Agent Discovery System
The agent_discovery.py
server running on port 9005 is the secret sauce. It constantly scans tmux sessions and maintains a live map of all agents:
# Core discovery logic
def find_agents():
panes = subprocess.check_output(['tmux', 'list-panes', '-a', '-F',
'#{pane_id} #{pane_current_command} #{pane_current_path}'])
agents = {"claude": [], "opencode": []}
for line in panes.decode().strip().split('\n'):
pane_id, cmd, path = line.split(' ', 2)
if 'claude' in cmd.lower():
agents["claude"].append({"pane": pane_id, "path": path})
elif 'opencode' in cmd.lower():
agents["opencode"].append({"pane": pane_id, "path": path})
return agents
This enables the msg
command to work without specifying locations.

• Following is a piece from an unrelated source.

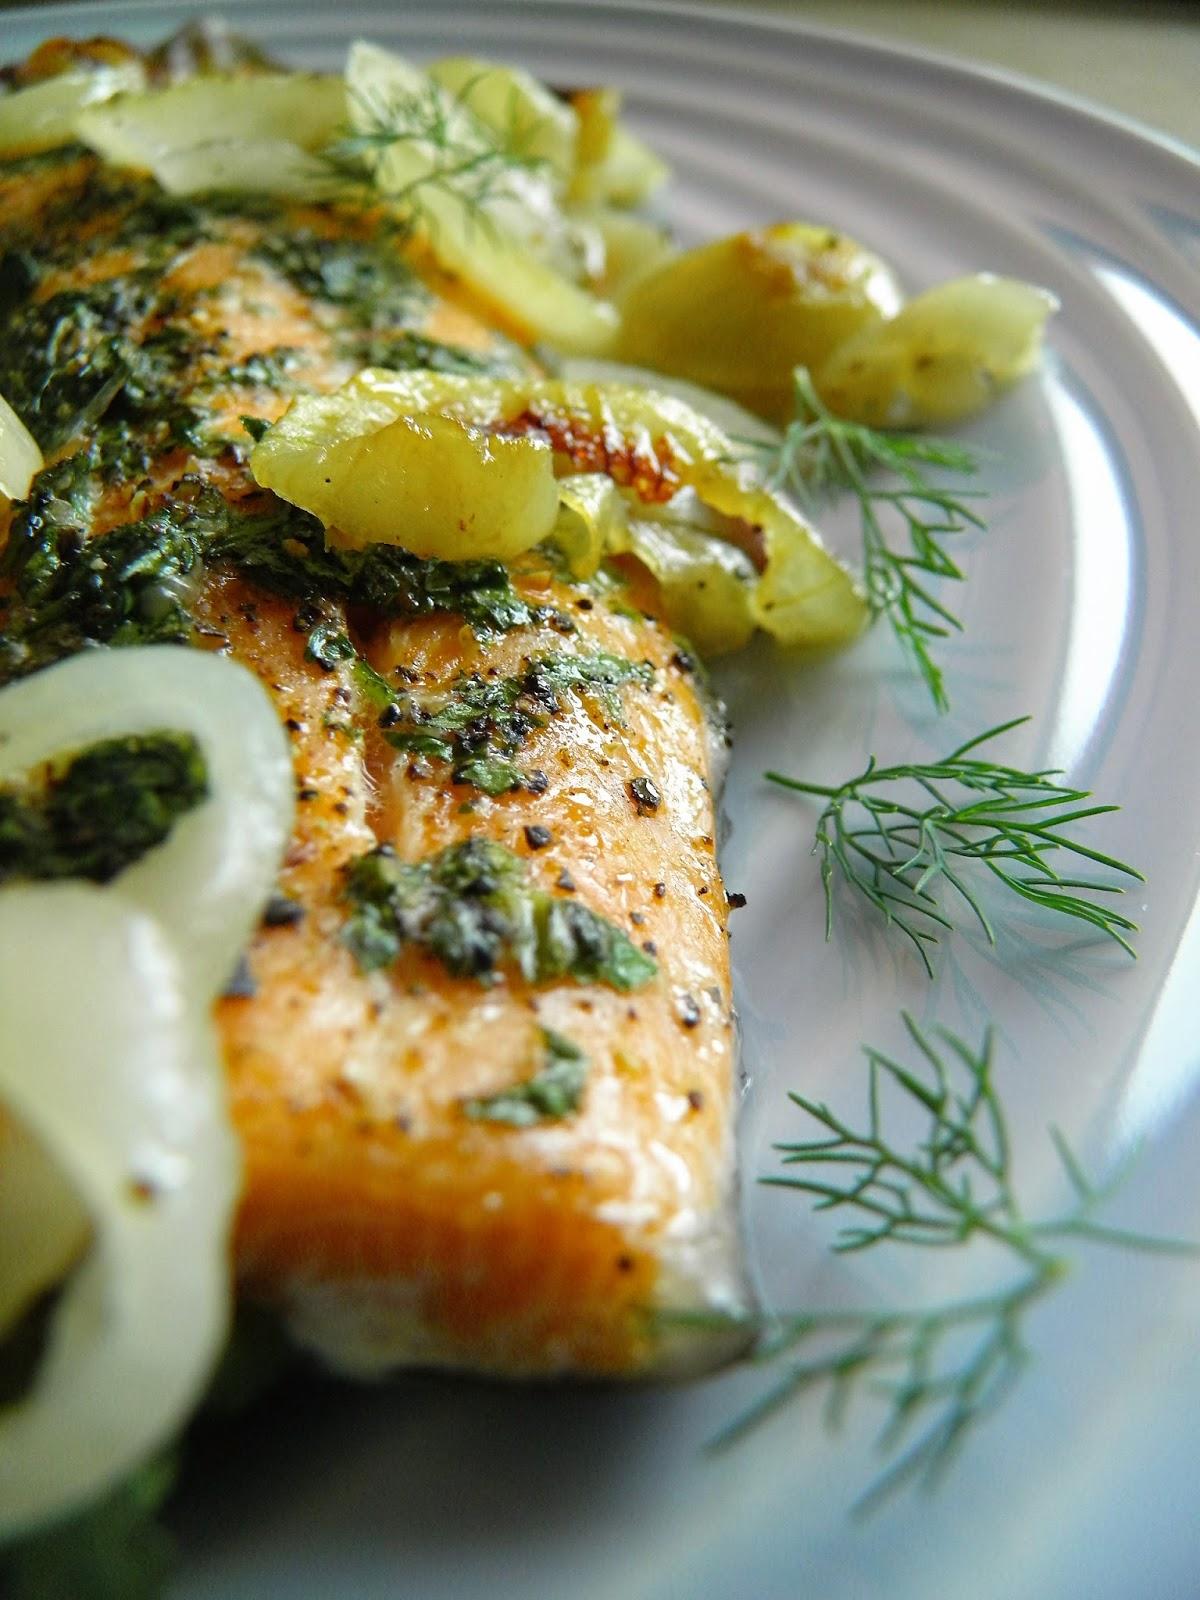 Ryba Z Piekarnika 8 Sposobów Na Pyszny Obiad Sio Smutki Monika

The server knows where everyone is, always.
Voice Models That Work
Got six voices running, each about 60-70MB:
Voice | Quality | Speed | When to Use |
---|---|---|---|
amy | medium | normal | Default, clear female |
danny | low | fast | Quick male responses |
kathleen | low | fast | Alternative female |
ryan | medium | normal | Standard male voice |
lessac | medium | normal | Technical terms |
libritts | high | slow | When quality matters |
The models live in /home/wv3/.piper/voices/
. Total disk usage is about 400MB for all six.
What This Enables
Real example from my homelab - watch this coordination happen across windows:
# Window 1: OpenCode (small model) doing grunt work
# Uses simplified msg command - auto-discovers Claude's location
msg claude "Linting complete: fixed 47 issues"
say "Linting done, fixed 47 issues" danny
# Window 2: Claude sees the message appear in its terminal
# [Message from opencode in /home/wv3 (pane %15)]

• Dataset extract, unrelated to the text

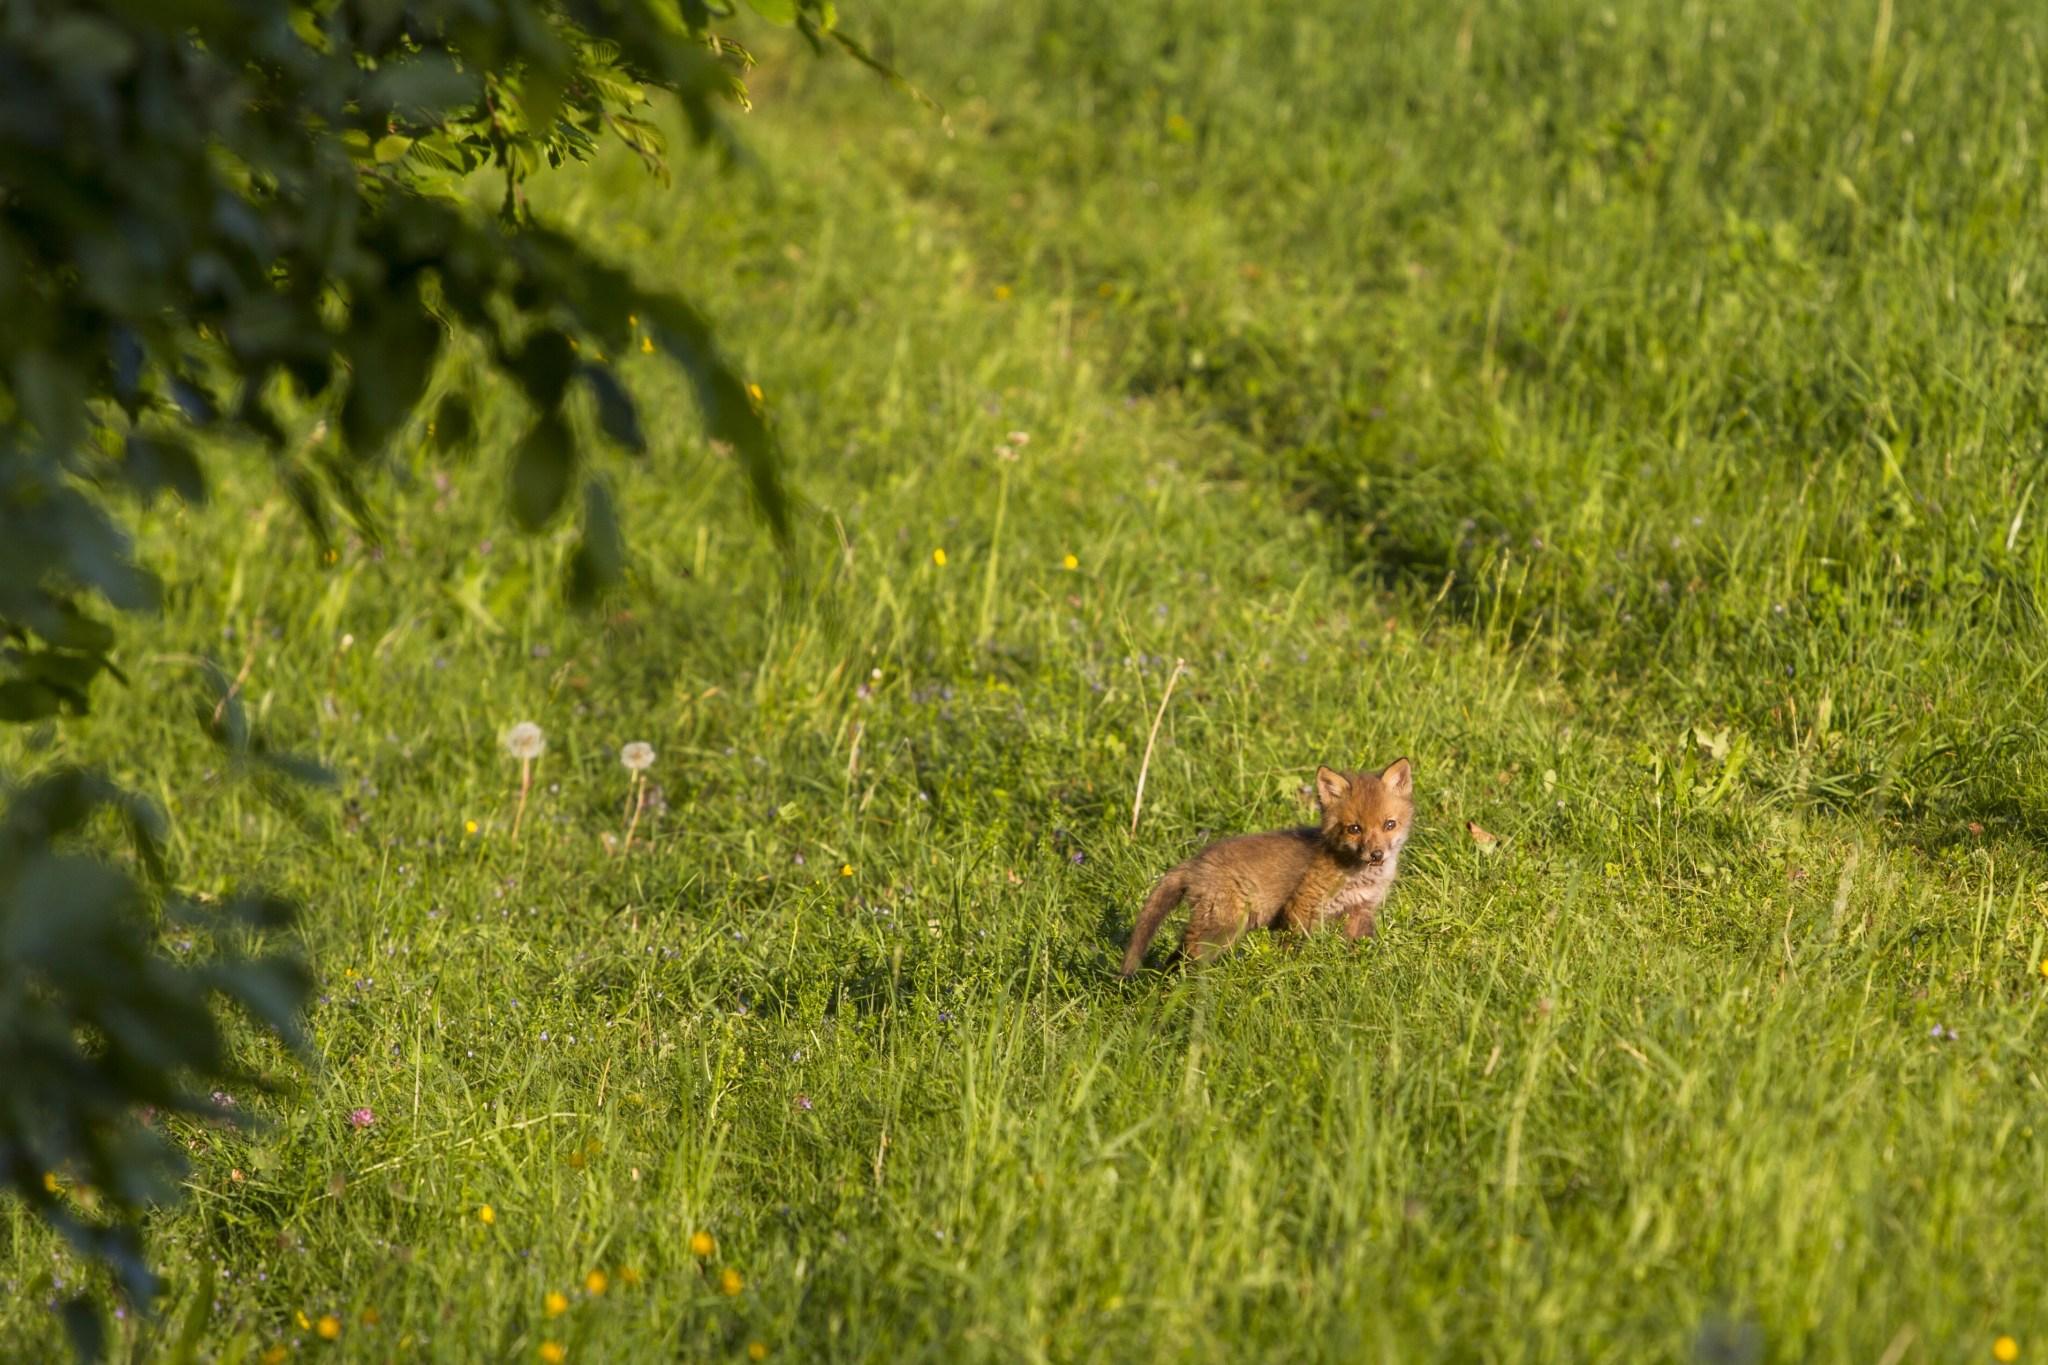 Wiener Tierschutzverein Junge Wildtiere schützen

# "Linting complete: fixed 47 issues"
# Claude MUST respond (protocol requirement)
# Claude acknowledges and continues
msg opencode "Thanks, running tests now"
# Window 3: Another OpenCode instance detects issue
msg claude "Rate limit hit on API, backing off 60s"
say "API rate limited" amy
# The discovery server knows where everyone is:
curl http://localhost:9005/agents
# {"claude": [{"pane": "%9", "path": "/home/wv3/project"}],
# "opencode": [{"pane": "%15", "path": "/home/wv3"}]}
You're watching the conversation happen. Messages include sender info (pane ID, location). Agents must acknowledge messages they receive - it's not optional. The discovery server tracks everyone automatically.
Why This Matters
Before this: Silent agents working in isolation, missing critical events, duplicating work, no coordination.

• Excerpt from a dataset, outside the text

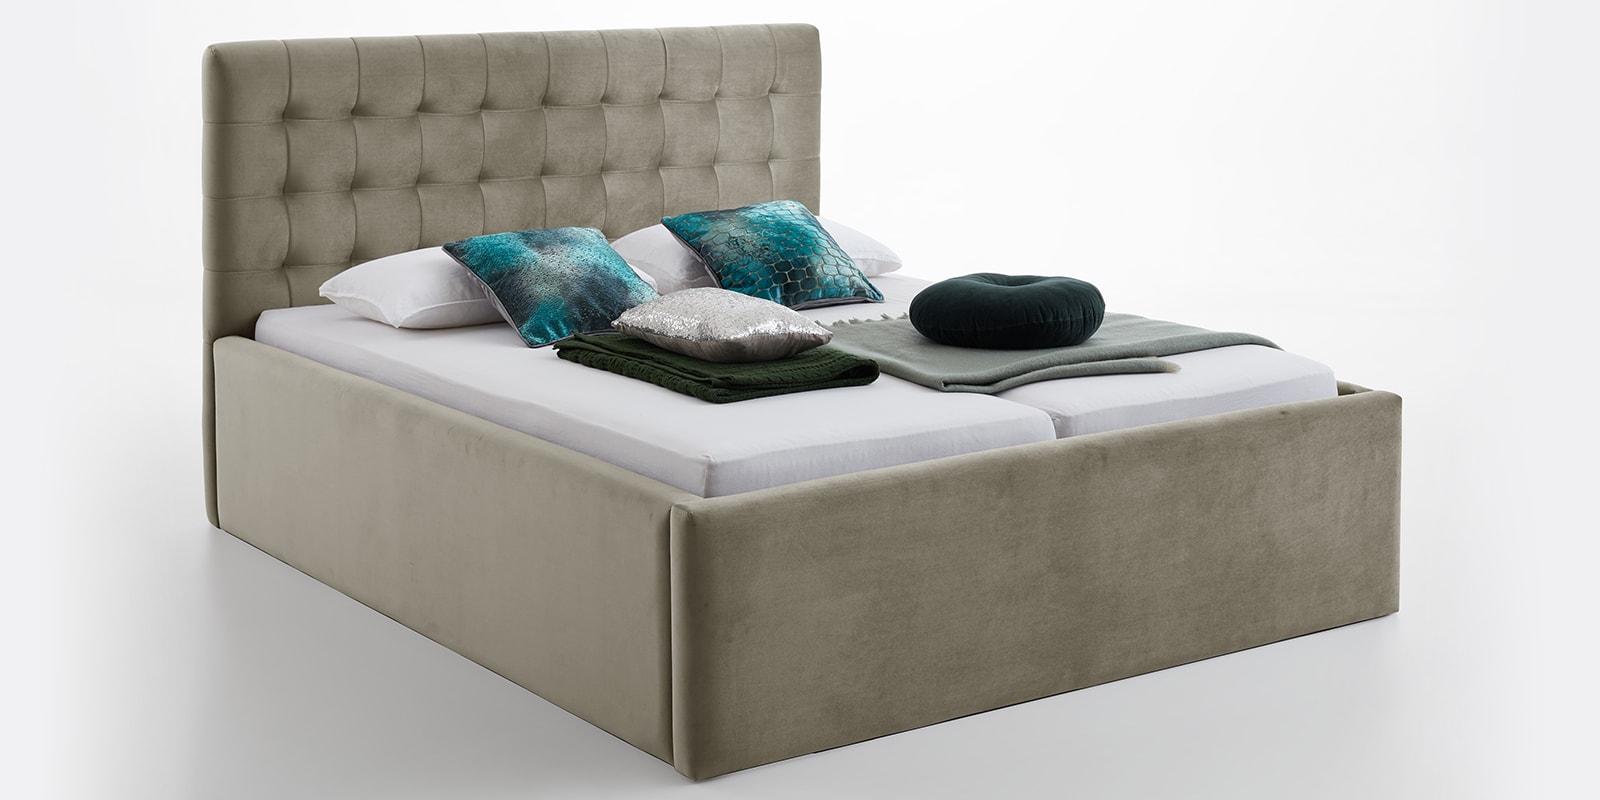 Moebella24 - Bett - mit - Bettkasten - Molly - Samt - Taupe - XXL-Bettkasten - Bettkasten - und - Lattenrost - vormontiert - Kopfteil - mit - Steppungen

After this: Agents talk to each other, announce important events, coordinate complex operations.
The key difference: visibility. MCP protocols, subagent workflows, log files - that's all background magic you never see. This approach shows you the actual messages appearing in terminal windows. You watch tiny OpenCode models report back to Claude. You see Claude warn other agents about breaking changes. It's coordination you can verify with your own eyes.
Same with Piper TTS. No cloud APIs, no latency, no privacy concerns. Just local neural networks converting text to speech at near-realtime speeds. When OpenCode finishes a task, you hear it. When Claude hits an error, it speaks up.
This setup solves actual problems I hit daily:
- Missing build failures because they scrolled off screen
- Two agents modifying the same files without knowing
- No way to hand off partially completed work between sessions
- Silent failures that go unnoticed for hours
- Can't verify what background protocols are actually doing
- No visibility into agent coordination
Everything runs locally on the homelab:
- Discovery server tracking all agents
- TTS server with Piper neural networks
- No external dependencies, no API keys, no cloud services
- Just Unix tools and local neural networks doing exactly what I need
Here's some code for you to fuck around with. Its not production ready, clone and get it setup first.
https://github.com/williavs/slaygent-communication
The mandatory response protocol ensures agents acknowledge messages. The discovery system means agents always know where to find each other. The voice output means you never miss critical events. This is what agent coordination should look like - visible, audible, verifiable.